In this article, we’ll prep a machine learning model to predict who survived the Titanic. To do that, we first have to clean up our data. I’ll show you how to apply preprocessing techniques on the Titanic data set.
How to Preprocess Data in Python Step-by-Step
- Load data in Pandas.
- Drop columns that aren’t useful.
- Drop rows with missing values.
- Create dummy variables.
- Take care of missing data.
- Convert the data frame to NumPy.
- Divide the data set into training data and test data.
To get started, you’ll need:
What Is Data Preprocessing and Why Do We Need It?
For machine learning algorithms to work, it’s necessary to convert raw data into a clean data set, which means we must convert the data set to numeric data. We do this by encoding all the categorical labels to column vectors with binary values. Missing values, or NaNs (not a number) in the data set is an annoying problem. You have to either drop the missing rows or fill them up with a mean or interpolated values.
Kaggle provides two data sets: training data and results data. Both data sets must have the same dimensions for the model to produce accurate results.
1. Load Data in Pandas
To work on the data, you can either load the CSV in Excel or in Pandas. For the purposes of this tutorial, we’ll load the CSV data in Pandas.
df = pd.read_csv('train.csv')
Let’s take a look at the data format below:
>>> df.info()
<class 'pandas.core.frame.DataFrame'>
Int64Index: 891 entries, 0 to 890
Data columns (total 12 columns):
PassengerId 891 non-null int64
Survived 891 non-null int64
Pclass 891 non-null int64
Name 891 non-null object
Sex 891 non-null object
Age 714 non-null float64
SibSp 891 non-null int64
Parch 891 non-null int64
Ticket 891 non-null object
Fare 891 non-null float64
Cabin 204 non-null object
Embarked 889 non-null object
If you carefully observe the above summary of Pandas, there are 891 total rows but Age
shows only 714 (which means we’re missing some data), Embarked
is missing two rows and Cabin
is missing a lot as well. Object data types are non-numeric so we have to find a way to encode them to numerical values.
2. Drop Columns That Aren’t Useful
Let’s try to drop some of the columns that won’t contribute much to our machine learning model. We’ll start with Name
, Ticket
and Cabin
.
cols = ['Name', 'Ticket', 'Cabin']
df = df.drop(cols, axis=1)
We dropped three columns:
>>>df.info()
PassengerId 891 non-null int64
Survived 891 non-null int64
Pclass 891 non-null int64
Sex 891 non-null object
Age 714 non-null float64
SibSp 891 non-null int64
Parch 891 non-null int64
Fare 891 non-null float64
Embarked 889 non-null object
3. Drop Rows With Missing Values
Next we can drop all rows in the data that have missing values (NaNs).

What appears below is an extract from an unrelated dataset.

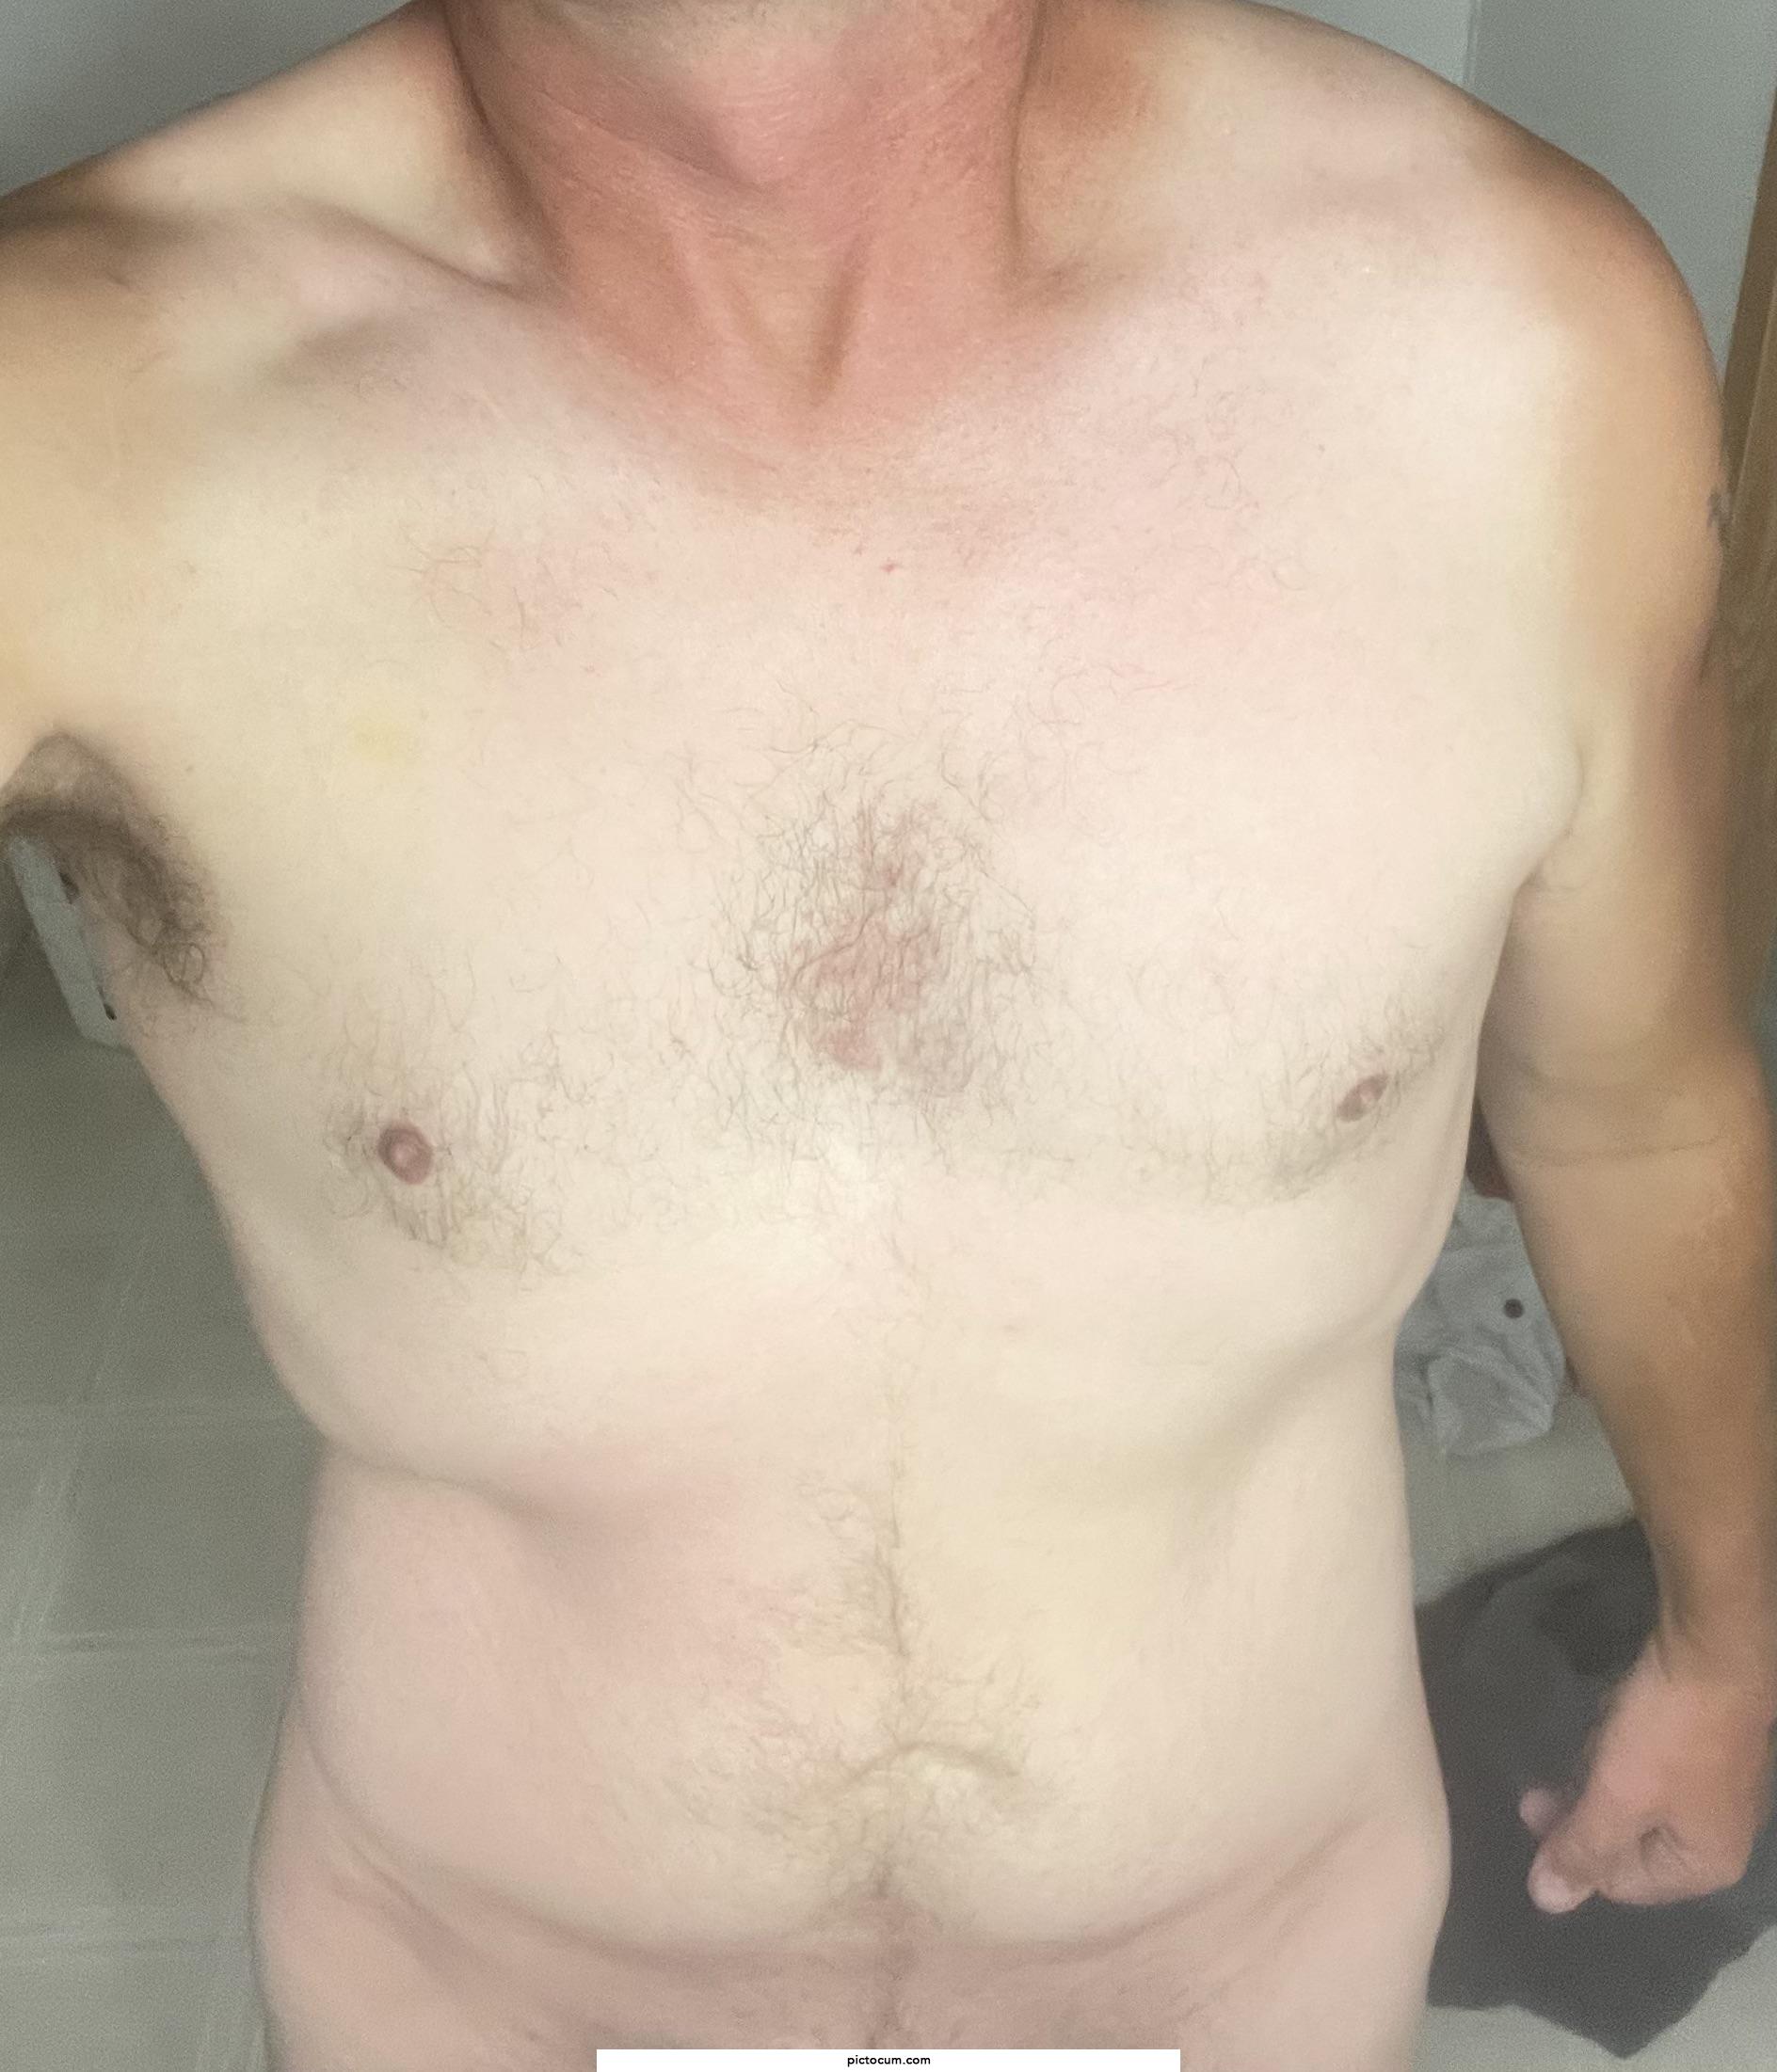 46 Trying to get in shape. Ignore the farmer tan.

Here’s how:
>>> df = df.dropna()
>>> df.info()
Int64Index: 712 entries, 0 to 890
Data columns (total 9 columns):
PassengerId 712 non-null int64
Survived 712 non-null int64
Pclass 712 non-null int64
Sex 712 non-null object
Age 712 non-null float64
SibSp 712 non-null int64
Parch 712 non-null int64
Fare 712 non-null float64
Embarked 712 non-null object
The Problem With Dropping Rows
After dropping rows with missing values, we find the data set is reduced to 712 rows from 891, which means we are wasting data. Machine learning models need data to train and perform well. So, let’s preserve the data and make use of it as much as we can. More on this below.
4. Creating Dummy Variables
Instead of wasting our data, let’s convert the Pclass
, Sex
and Embarked
to columns in Pandas and drop them after conversion.
dummies = []
cols = ['Pclass', 'Sex', 'Embarked']
for col in cols:
dummies.append(pd.get_dummies(df[col]))
Then…
titanic_dummies = pd.concat(dummies, axis=1)
Now we’ve transformed eight columns wherein 1
, 2
and 3
represent the passenger class.
Finally we concatenate to the original data frame, column-wise:
df = pd.concat((df,titanic_dummies), axis=1)
Now that we converted Pclass
, Sex
and Embarked
values into columns, we drop the redundant columns from the data frame.
df = df.drop(['Pclass', 'Sex', 'Embarked'], axis=1)
Let’s take a look at the new data frame:
>>>df.info()
PassengerId 891 non-null int64
Survived 891 non-null int64
Age 714 non-null float64
SibSp 891 non-null int64
Parch 891 non-null int64
Fare 891 non-null float64
1 891 non-null float64
2 891 non-null float64
3 891 non-null float64
female 891 non-null float64
male 891 non-null float64
C 891 non-null float64
Q 891 non-null float64
S 891 non-null float64
5. Take Care of Missing Data
Everything’s clean now, except Age
, which has lots of missing values. Let’s compute a median or interpolate()
all the ages and fill those missing age values. Pandas has an interpolate()
function that will replace all the missing NaNs to interpolated values.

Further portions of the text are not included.